Which projects to tackle with Makerspace students? We focussed on 3D printing (because those machines arrived first) and encouraging the quick turn-around ethos. We want projects that can be completed within 90 minutes and are engaging. For now, our mantra is “what you have at the end of the session is what gets printed.” We want to ingrain that the best way of figuring out good solutions is to quickly try out the ideas you have to see where the challenges are. For longer courses we’ll evolve into taking time to work on more in-depth projects. Working to deadlines is a important life skill, so our mantra has a second purpose of reinforcing the importance of getting work done in the time available. Of course, before assigning projects, facilitators should attempt them and identify the challenges that you haven’t thought of yet.
1) Quick Intro to 3D
The free iPad app 123D Creature has a intuitive interface and high school students can create creatures without prior experience in a 90 minute session. Students export their creatures via email for printing. This was our gambit for easy early success before picking up less constrained CAD tools. Printing the models took some finessing because many of the creatures had spindly legs. These kept breaking when the printer nozzle bumped them on the way past. We suspect we need extra cooling fans to eliminate some of the curl-up we get when printing overhangs.
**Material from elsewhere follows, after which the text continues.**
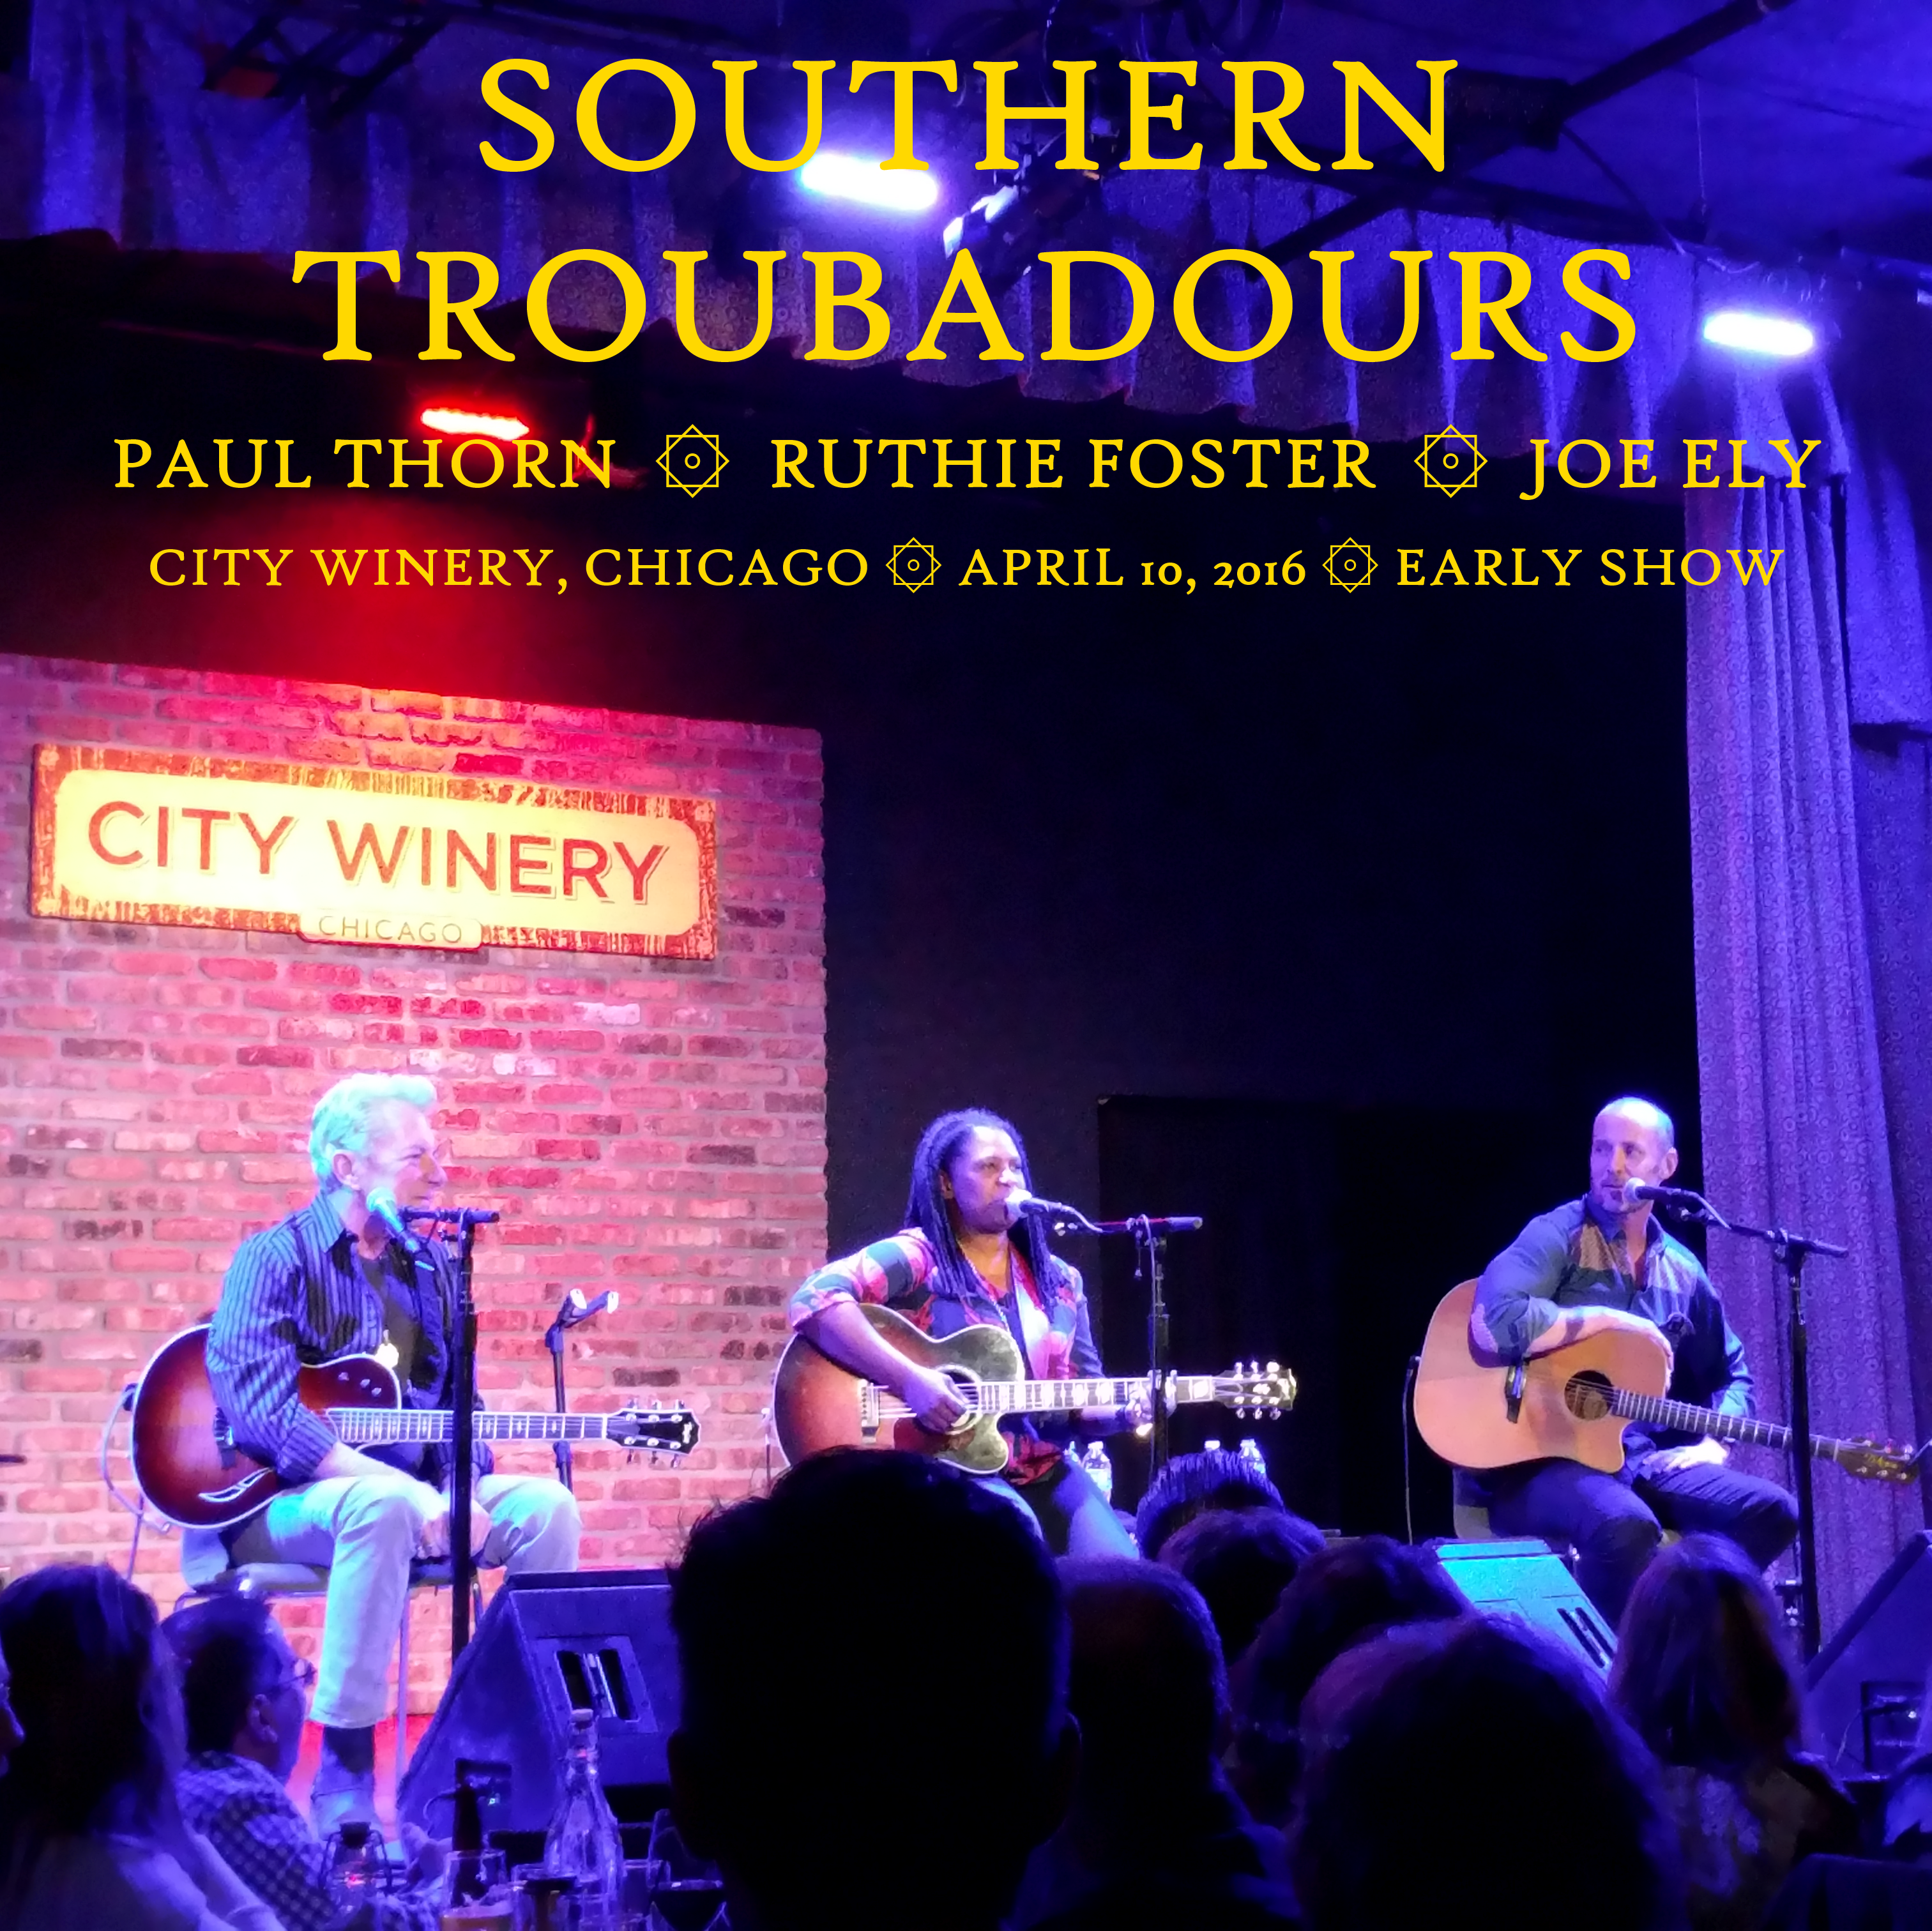 SouthernTroubadours2016-04-10CityWineryChicagoIL (3).png

Next time, we will encourage students to create creatures with thicker legs and feet.
We had planned on the students writing about their creature and how its features adapted it to its (imaginary) environment. Thus we could integrate writing, biology and critical thinking into the project. But only one student finished their creature with time to spare. This writing could possibly move into a homework component.
2) Tinkercad: Tutorials and Dice
The second day, students learned Tinkercad. This is a free, lightweight computer-aided design (CAD) software that runs in a web browser. Their training consisted of making an account, then working through the site’s tutorial lessons. These are step by step and easy to follow. Twenty minutes before the end of class, we asked students make a customized die with their initials on the sides. One of the tutorial lessons does a similar thing, and we wanted to have the students have a custom product to print.
3) Low Risk Collaboration Project: Potato Head Accessories
The first real open project was making parts to stick into a real potato. This allows students to:
- Be artistically creative
- Collaborate by deciding aesthetic then parcelling out the parts
- Take risks because one student couldn’t derail the whole project if they didn’t produce for some reason
- Use Tinkercad without a script
The only directions given was to make the attachment spikes using a cuboid 3mm x 5mm x 15mm, topped with a pyramid. This was to ensure sturdiness, something that had come to light during my own attempts. The students first chose their teams (pairs and trios) then had a quick discussion about aesthetics and who would build what parts. Within 90 minutes, all groups designed legs, arms, eyes, nose and mouth then also added extras like ears, glasses, mustaches and hats. Potatoes seem to last at least two weeks before they need replacing.
4) The Engineering Design Cycle
The maker’s guiding principle is quickly try out the ideas you have to see where the challenges are. For this to be useful, students need to reflect on the successes and needed improvements of their first attempts, then address those problems. This is the action-centric design cycle. A good solution is arrived at by repeatedly creatively building, testing and refining possible solutions until one works well enough. So, students wrote about their experiences and then designed a second round of parts. After receiving their parts and testing them, the students wrote again and designed for a third time. Their documentation of their work will appear as blog posts here. It is part of our goal to help students establish an online presence that consists of something more substantial than trivial social media musings etc.